#### [WHAT YOU ARE ASKED TO DO]
After locating the line that contains "Dessin Paella embroidery design paella" in the records below, write out exactly that line and each line after it through the one that contains "Одесские чиновники незаконно", and nothing else.

#### [DATA EXTRACT]
● ● ● ●
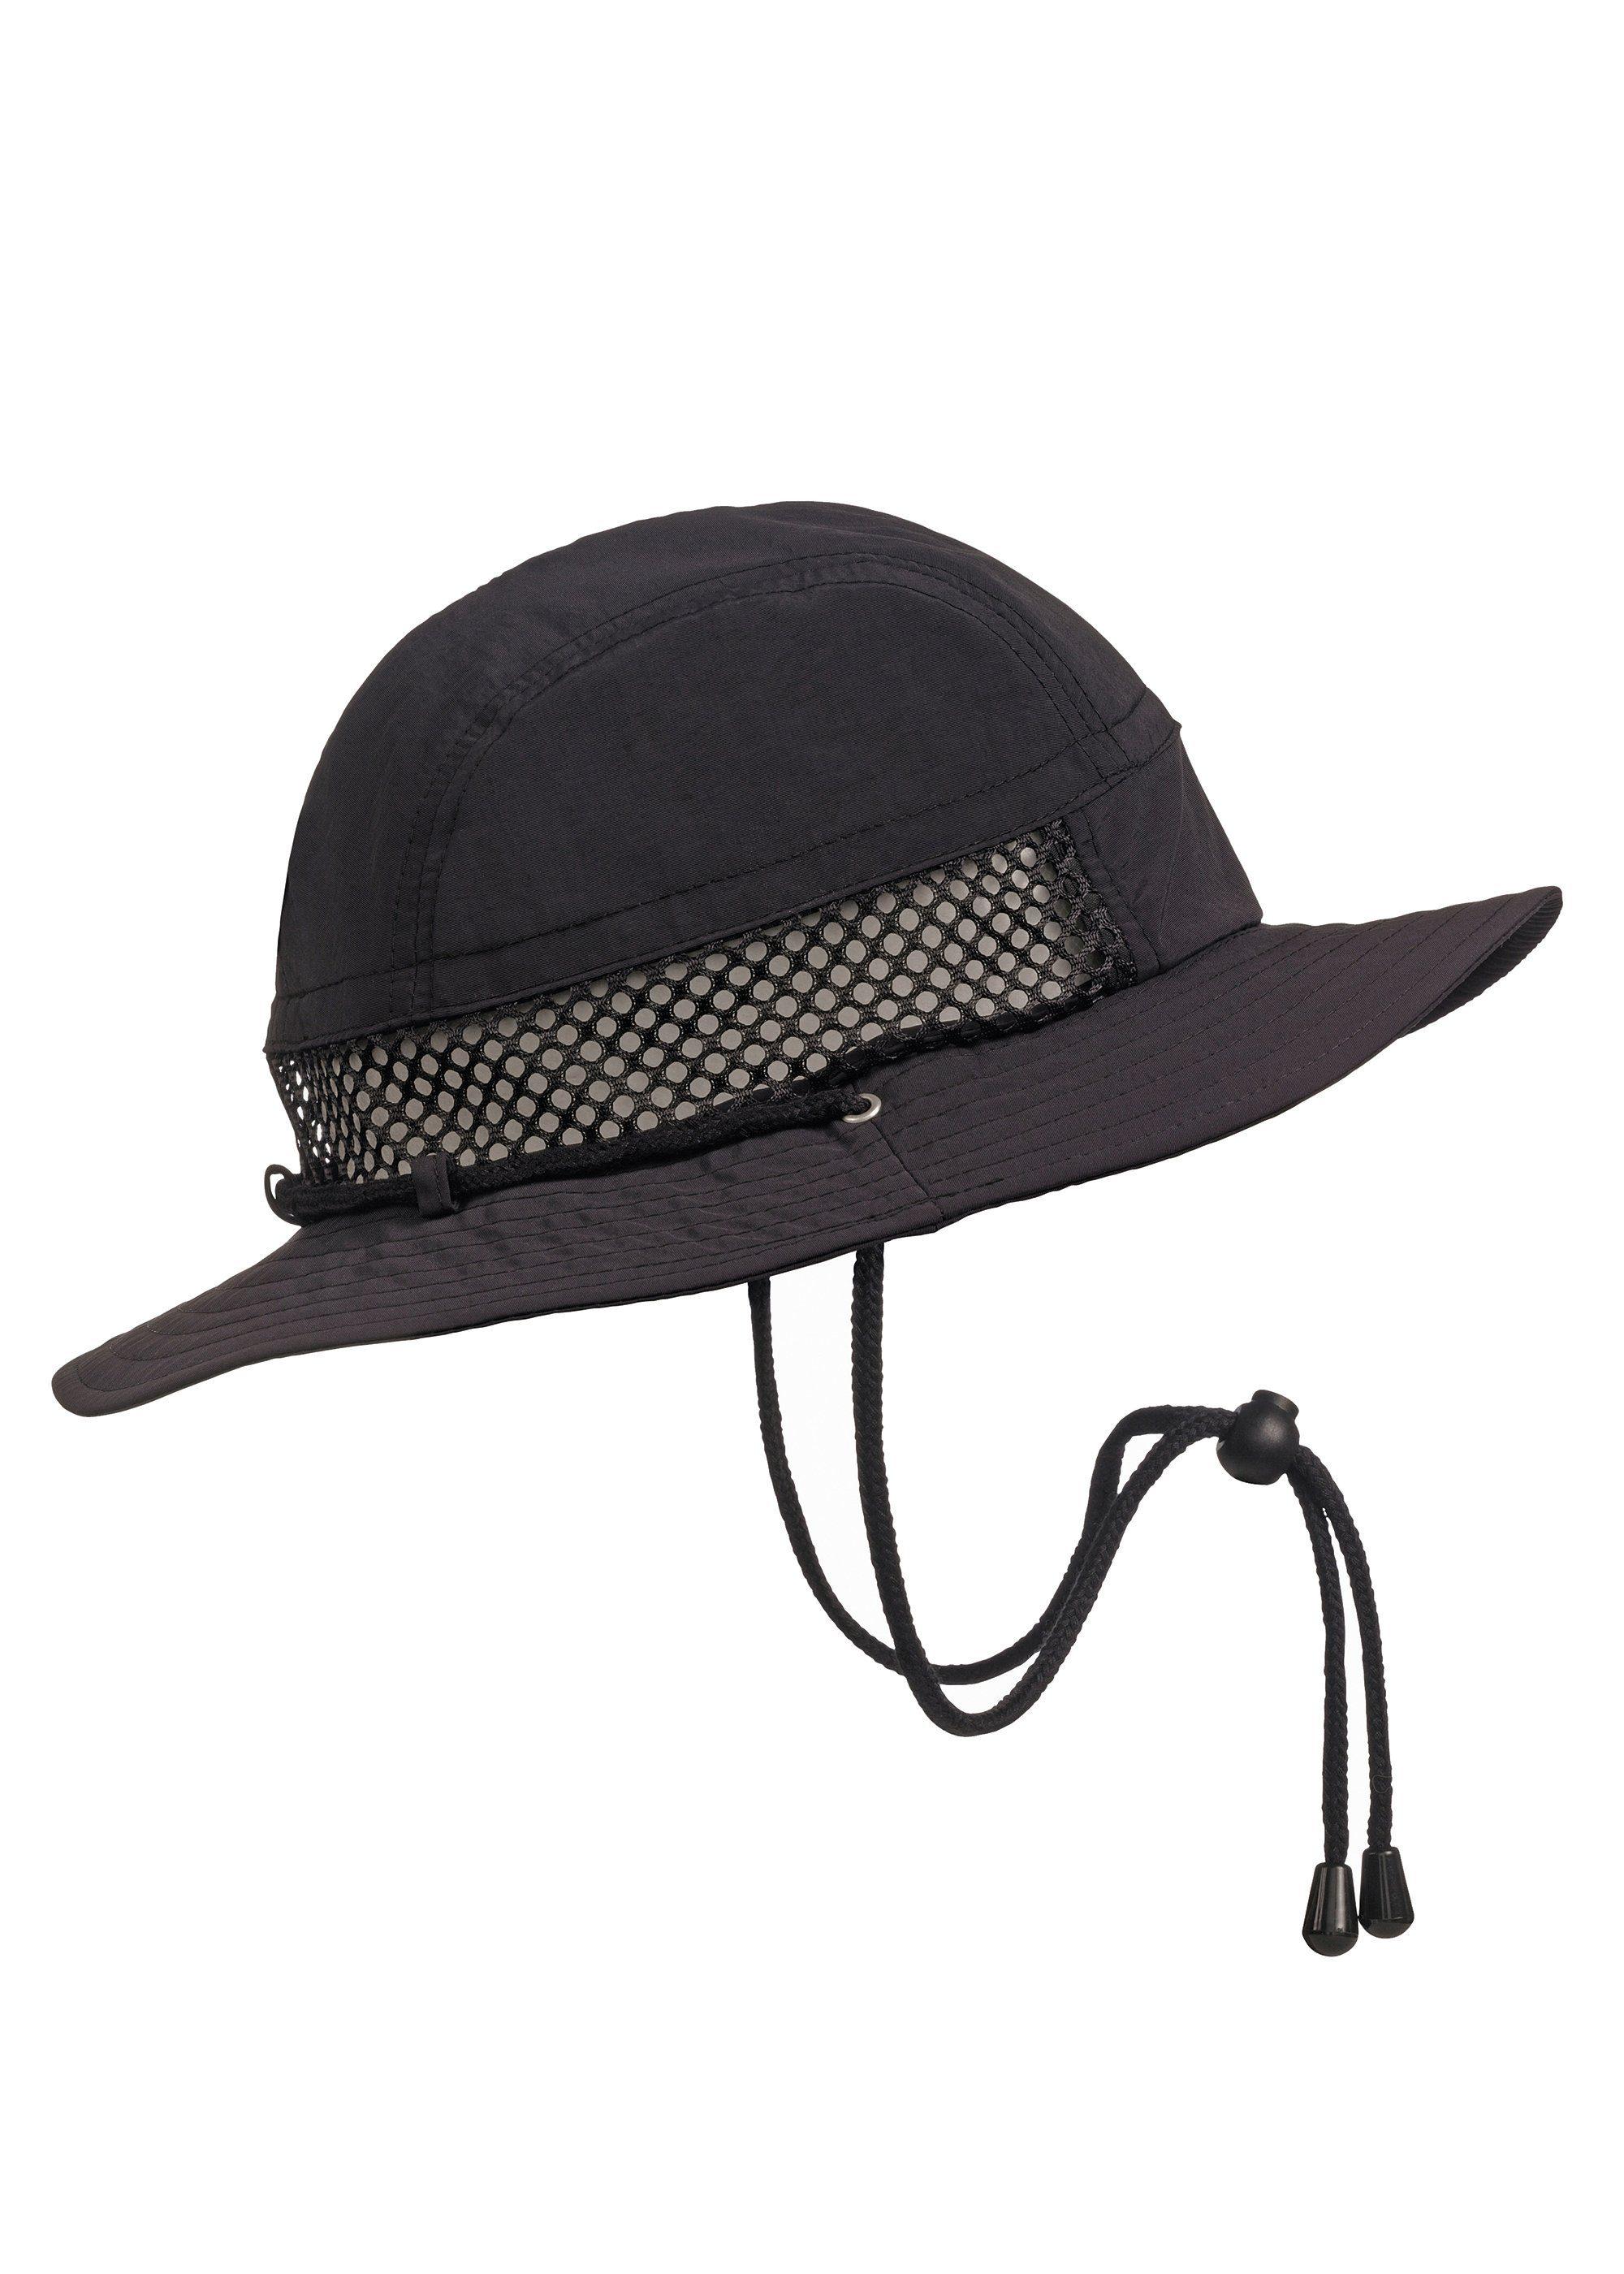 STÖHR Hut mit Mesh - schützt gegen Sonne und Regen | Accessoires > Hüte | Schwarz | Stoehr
● ● ● ●
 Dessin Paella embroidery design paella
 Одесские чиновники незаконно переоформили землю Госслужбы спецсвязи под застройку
● ● ● ●
#### [ANSWER BOX]
 Dessin Paella embroidery design paella
 Одесские чиновники незаконно переоформили землю Госслужбы спецсвязи под застройку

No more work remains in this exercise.